(DATA FOR THIS EXERCISE Opens)
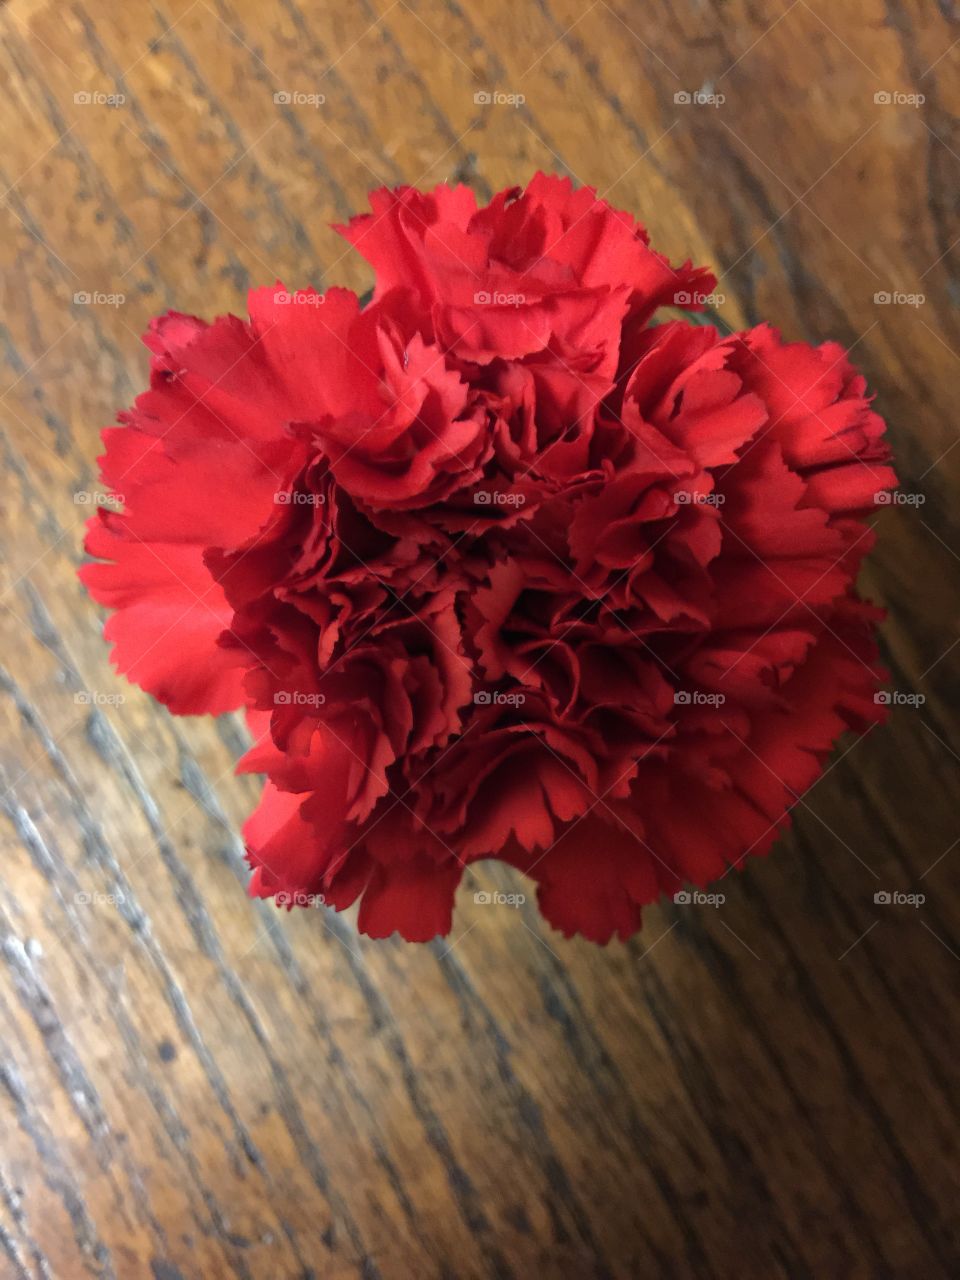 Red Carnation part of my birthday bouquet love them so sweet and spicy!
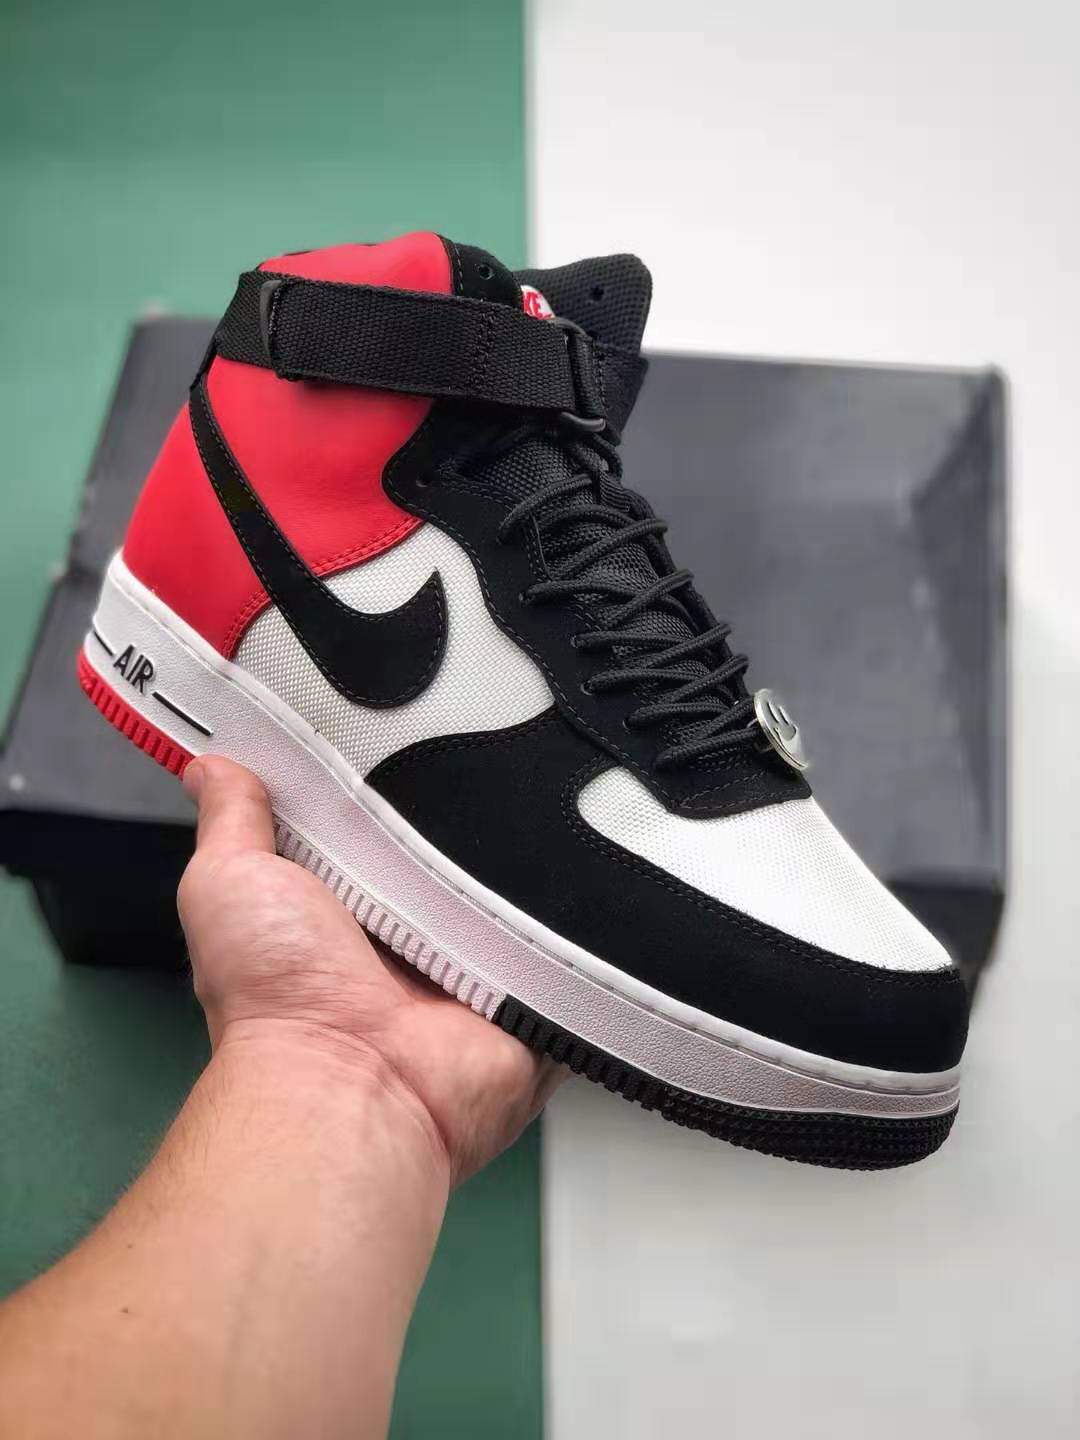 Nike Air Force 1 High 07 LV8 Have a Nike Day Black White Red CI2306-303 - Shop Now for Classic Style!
(DATA FOR THIS EXERCISE Closes)
(DATA FOR THIS EXERCISE Opens)
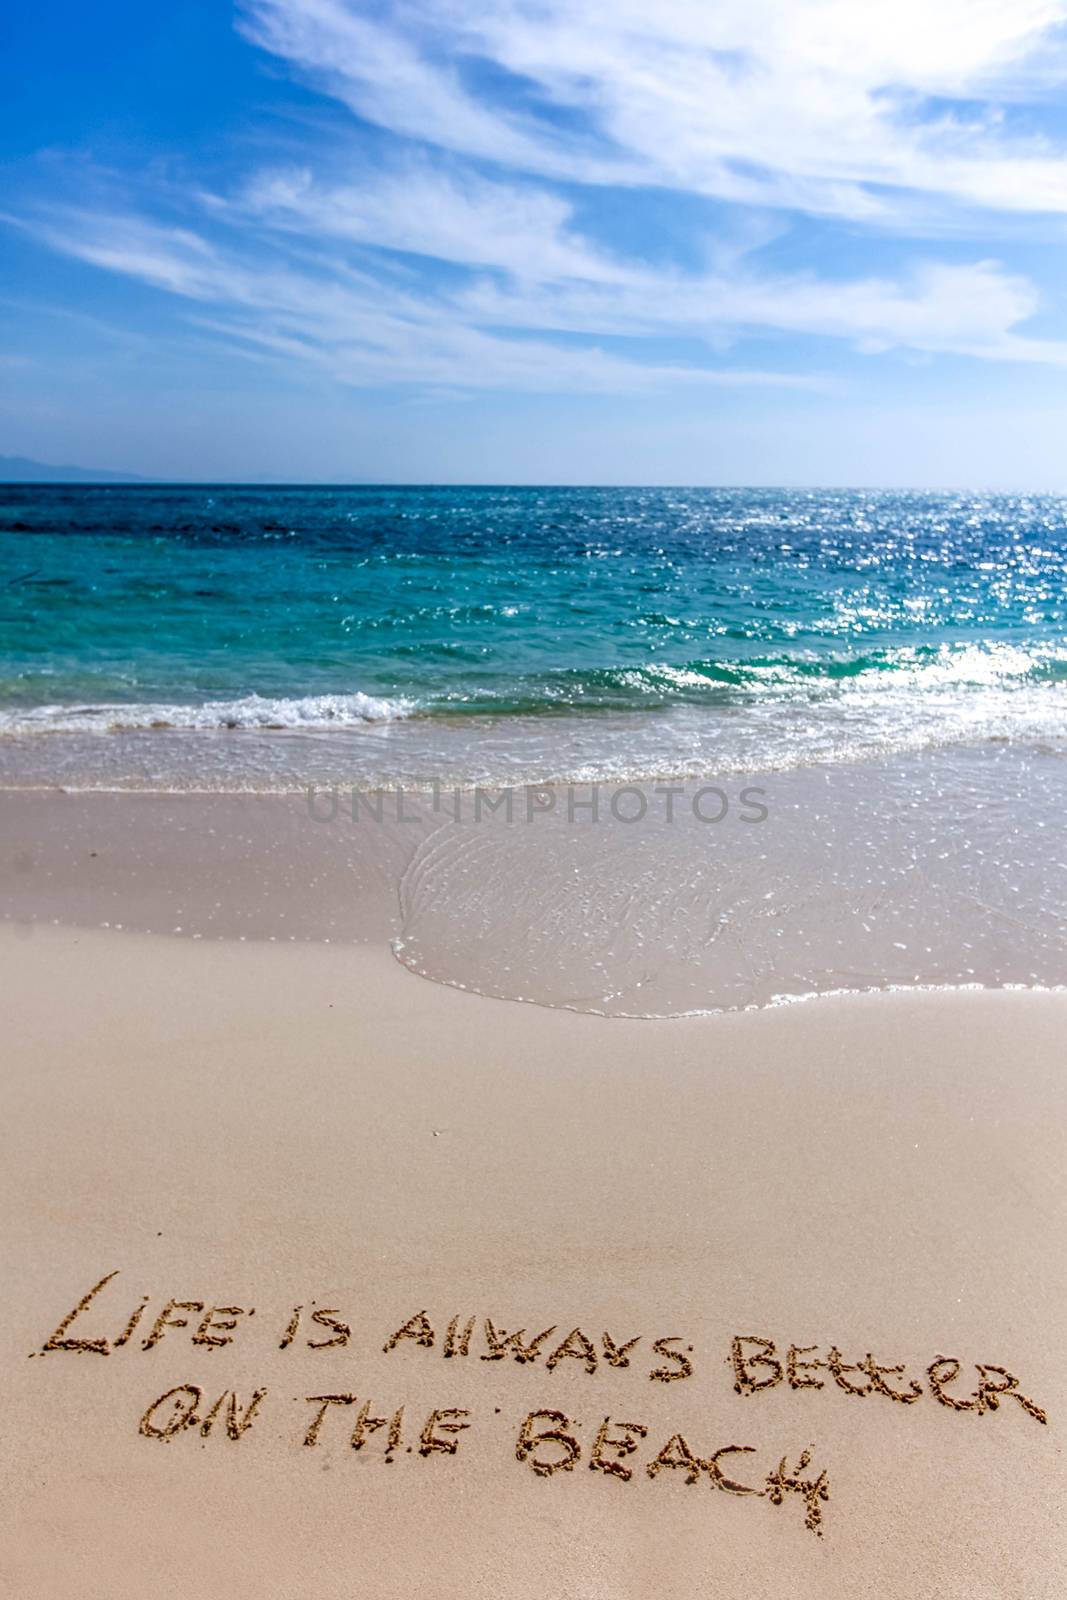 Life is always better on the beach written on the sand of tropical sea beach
(DATA FOR THIS EXERCISE Closes)
(DATA FOR THIS EXERCISE Opens)
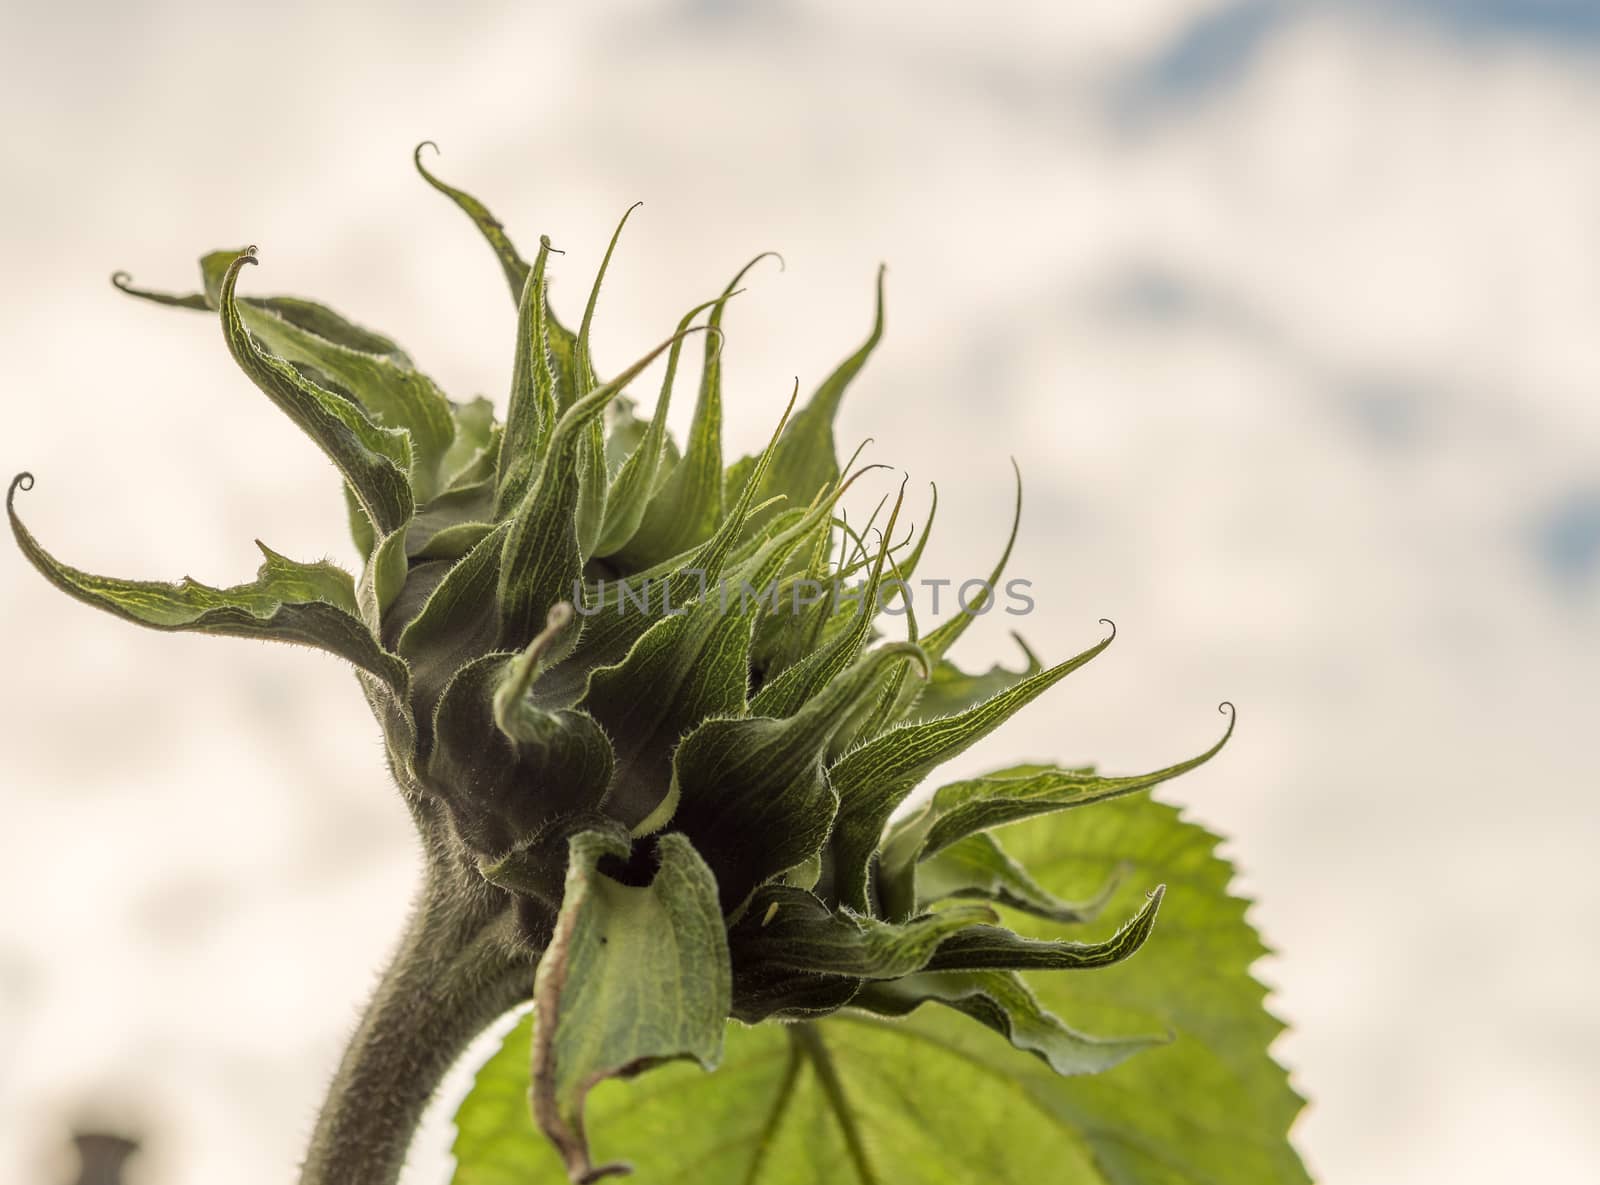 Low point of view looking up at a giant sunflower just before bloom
(DATA FOR THIS EXERCISE Closes)
▸ **DIRECTIONS FOR THIS TASK**: In the listing above, find the line with "Red Carnation part" and the line with "Nike Air Force". Output both, plus every line between them, and no pictures.

▸ **WORKED SOLUTION**:
 Red Carnation part of my birthday bouquet love them so sweet and spicy!
 Nike Air Force 1 High 07 LV8 Have a Nike Day Black White Red CI2306-303 - Shop Now for Classic Style!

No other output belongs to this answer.